I can be a patient man.
It is a cultivated trait, and, I confess, there are days where I fail at being that patient man.
There is a tree near Cross Cemetery, which defines my patience, gives it form and function. The tree is beautiful and tall, a majestic creation that stands watch over the dead.
Today is April 12th, 1899, and this day marks the anniversary of this tree’s birth.
I planted it in 1800, and I have cared for it ever since. It took the tree a decade to grow large enough to sustain the burl, and then another two years for me to tease out the rough shape. Three more years of careful observation followed, and when I was certain the tree would be able to perform its task, I set about my business.
There was a fine woman by the name of Goody Hawthorn, who lived between Cross and Pepperell. She and her husband, Patient, were God-fearing folk who attended service on Sunday and would tolerate no foolishness. I was friends with their son, Noble, whom I had met while walking to Boston one day. Noble was as fine a friend as one could want, and it was easy for me to play and laugh with this fourteen-year-old.

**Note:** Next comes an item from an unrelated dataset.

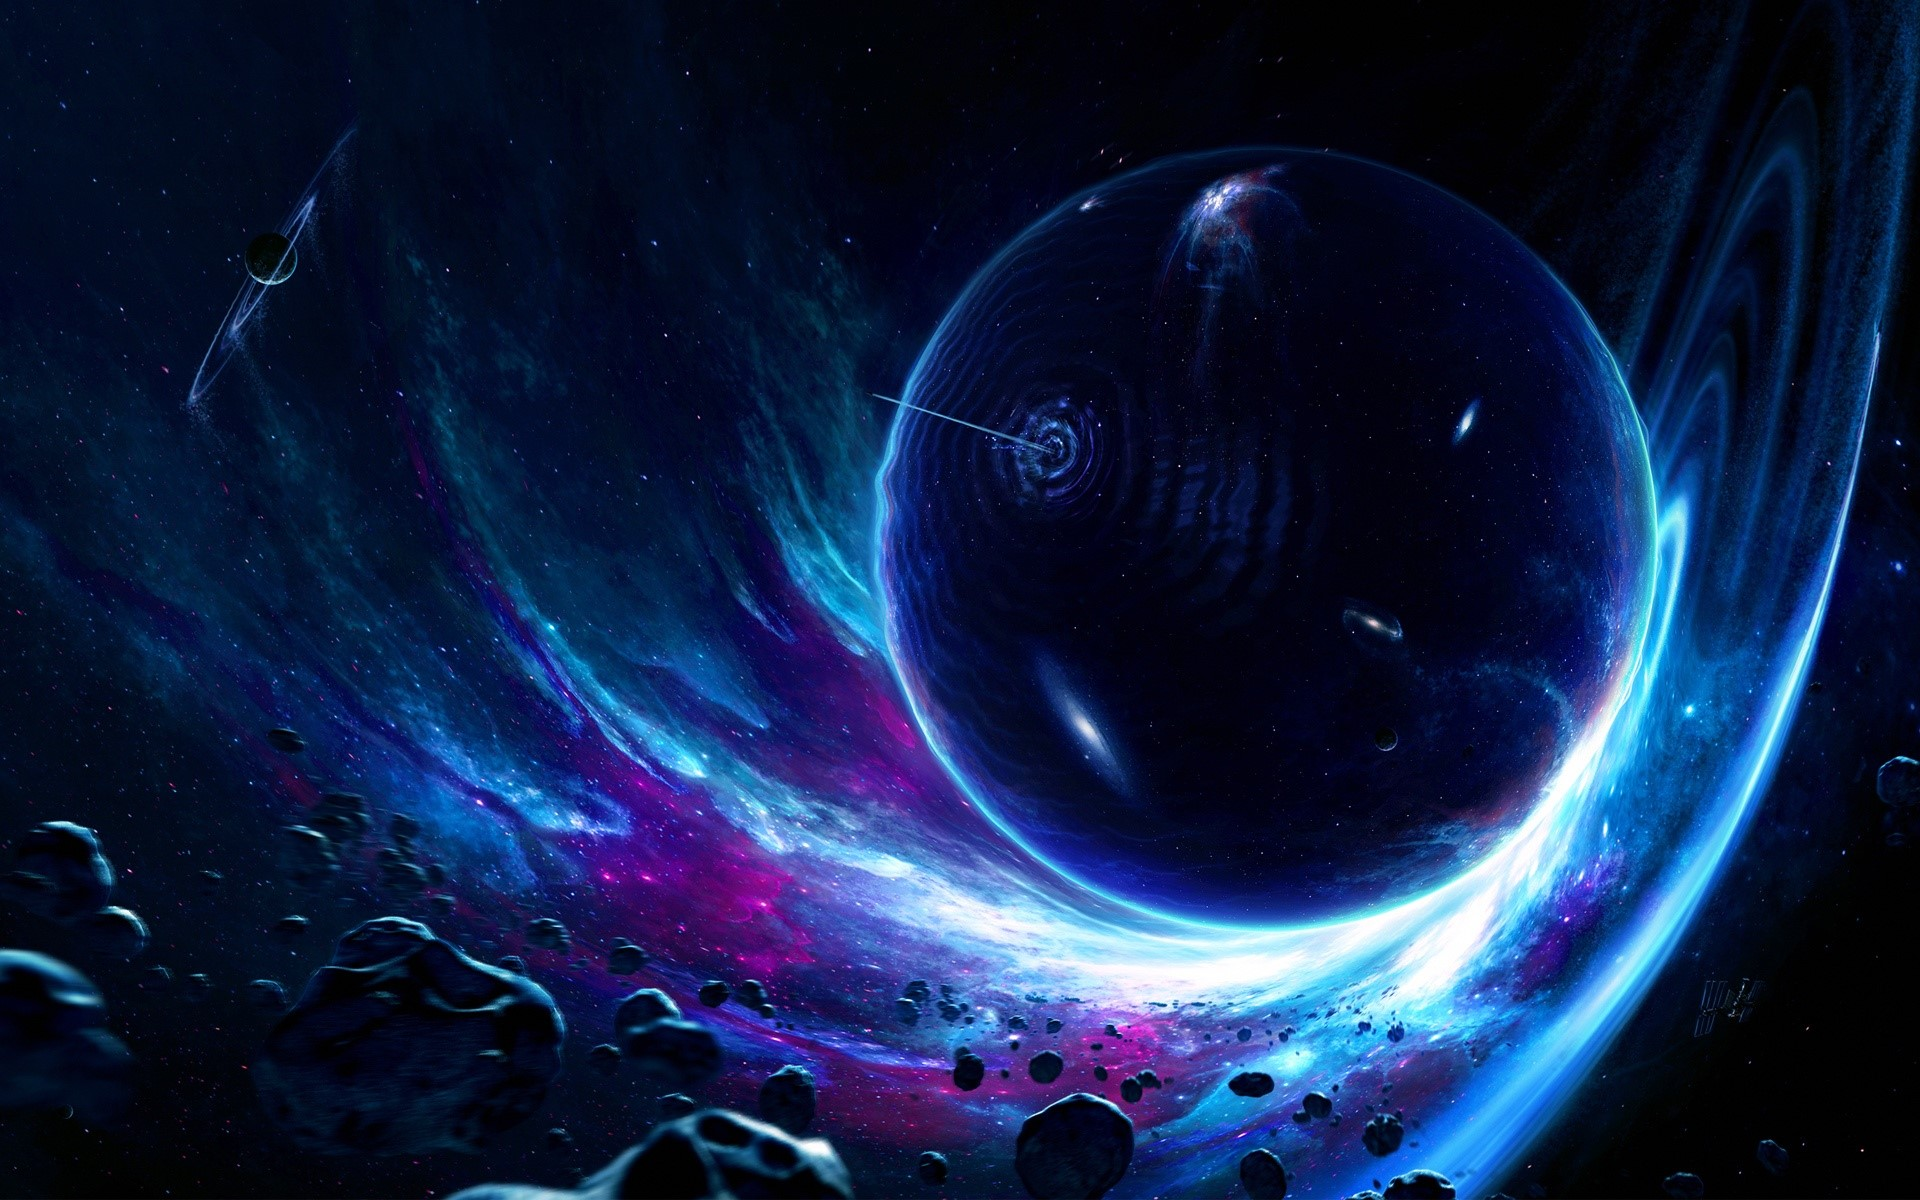 Fondos de pantalla Atravesando un planeta

On a Sunday afternoon, I stopped by to say hello, and I learned that Noble was no longer with the family. He was, in fact, dead. His mother had set about punishing him for some transgression, and she had struck him upon the head, killing him instantly.
That was in 1800.
By 1815, Goody and Patient were still alive, still farming, and unrepentant about the death of my friend.
On the anniversary of Noble’s death, I buried his father alive in my front yard. I took his mother to the tree I had prepared and stuffed her into the burl. I stitched her mouth closed, and each day I worked on the burl, closing it slowly as she moaned and begged through her stitches.
It took another two years to close the burl over her body.
I stop by the tree often, reflect upon the demise of my friend, and wish his parents had suffered longer.